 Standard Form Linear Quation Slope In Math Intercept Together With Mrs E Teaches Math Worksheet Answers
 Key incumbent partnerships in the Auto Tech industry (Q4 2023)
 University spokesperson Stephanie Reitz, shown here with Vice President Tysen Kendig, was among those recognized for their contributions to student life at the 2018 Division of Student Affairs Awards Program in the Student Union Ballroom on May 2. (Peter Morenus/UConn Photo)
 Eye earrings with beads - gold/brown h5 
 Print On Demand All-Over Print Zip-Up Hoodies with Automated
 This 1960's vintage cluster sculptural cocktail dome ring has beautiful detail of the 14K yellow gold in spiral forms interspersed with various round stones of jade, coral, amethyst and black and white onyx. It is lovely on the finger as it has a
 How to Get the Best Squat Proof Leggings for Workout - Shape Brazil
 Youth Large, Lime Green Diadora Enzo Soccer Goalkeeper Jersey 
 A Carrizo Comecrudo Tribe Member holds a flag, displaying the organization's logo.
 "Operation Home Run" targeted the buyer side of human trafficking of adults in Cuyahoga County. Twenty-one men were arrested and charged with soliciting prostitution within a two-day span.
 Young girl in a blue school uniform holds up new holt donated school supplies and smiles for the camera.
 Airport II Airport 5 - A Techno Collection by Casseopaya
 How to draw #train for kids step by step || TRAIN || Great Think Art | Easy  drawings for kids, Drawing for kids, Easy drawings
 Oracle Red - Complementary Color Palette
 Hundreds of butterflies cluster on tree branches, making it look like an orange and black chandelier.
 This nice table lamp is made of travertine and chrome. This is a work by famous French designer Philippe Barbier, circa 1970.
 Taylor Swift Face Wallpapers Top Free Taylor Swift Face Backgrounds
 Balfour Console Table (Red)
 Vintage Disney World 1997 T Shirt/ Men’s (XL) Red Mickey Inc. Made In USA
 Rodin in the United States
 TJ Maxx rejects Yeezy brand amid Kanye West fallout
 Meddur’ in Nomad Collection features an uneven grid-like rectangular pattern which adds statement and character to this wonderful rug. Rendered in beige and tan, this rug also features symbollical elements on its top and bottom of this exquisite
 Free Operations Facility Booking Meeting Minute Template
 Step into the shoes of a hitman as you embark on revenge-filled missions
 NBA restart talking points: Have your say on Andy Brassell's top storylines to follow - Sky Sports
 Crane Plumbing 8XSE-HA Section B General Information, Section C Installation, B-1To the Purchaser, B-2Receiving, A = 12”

▶ _Goal of the exercise_
Repeat every line of the material exactly.

▶ _Expected output_
 Standard Form Linear Quation Slope In Math Intercept Together With Mrs E Teaches Math Worksheet Answers
 Key incumbent partnerships in the Auto Tech industry (Q4 2023)
 University spokesperson Stephanie Reitz, shown here with Vice President Tysen Kendig, was among those recognized for their contributions to student life at the 2018 Division of Student Affairs Awards Program in the Student Union Ballroom on May 2. (Peter Morenus/UConn Photo)
 Eye earrings with beads - gold/brown h5 
 Print On Demand All-Over Print Zip-Up Hoodies with Automated
 This 1960's vintage cluster sculptural cocktail dome ring has beautiful detail of the 14K yellow gold in spiral forms interspersed with various round stones of jade, coral, amethyst and black and white onyx. It is lovely on the finger as it has a
 How to Get the Best Squat Proof Leggings for Workout - Shape Brazil
 Youth Large, Lime Green Diadora Enzo Soccer Goalkeeper Jersey 
 A Carrizo Comecrudo Tribe Member holds a flag, displaying the organization's logo.
 "Operation Home Run" targeted the buyer side of human trafficking of adults in Cuyahoga County. Twenty-one men were arrested and charged with soliciting prostitution within a two-day span.
 Young girl in a blue school uniform holds up new holt donated school supplies and smiles for the camera.
 Airport II Airport 5 - A Techno Collection by Casseopaya
 How to draw #train for kids step by step || TRAIN || Great Think Art | Easy  drawings for kids, Drawing for kids, Easy drawings
 Oracle Red - Complementary Color Palette
 Hundreds of butterflies cluster on tree branches, making it look like an orange and black chandelier.
 This nice table lamp is made of travertine and chrome. This is a work by famous French designer Philippe Barbier, circa 1970.
 Taylor Swift Face Wallpapers Top Free Taylor Swift Face Backgrounds
 Balfour Console Table (Red)
 Vintage Disney World 1997 T Shirt/ Men’s (XL) Red Mickey Inc. Made In USA
 Rodin in the United States
 TJ Maxx rejects Yeezy brand amid Kanye West fallout
 Meddur’ in Nomad Collection features an uneven grid-like rectangular pattern which adds statement and character to this wonderful rug. Rendered in beige and tan, this rug also features symbollical elements on its top and bottom of this exquisite
 Free Operations Facility Booking Meeting Minute Template
 Step into the shoes of a hitman as you embark on revenge-filled missions
 NBA restart talking points: Have your say on Andy Brassell's top storylines to follow - Sky Sports
 Crane Plumbing 8XSE-HA Section B General Information, Section C Installation, B-1To the Purchaser, B-2Receiving, A = 12”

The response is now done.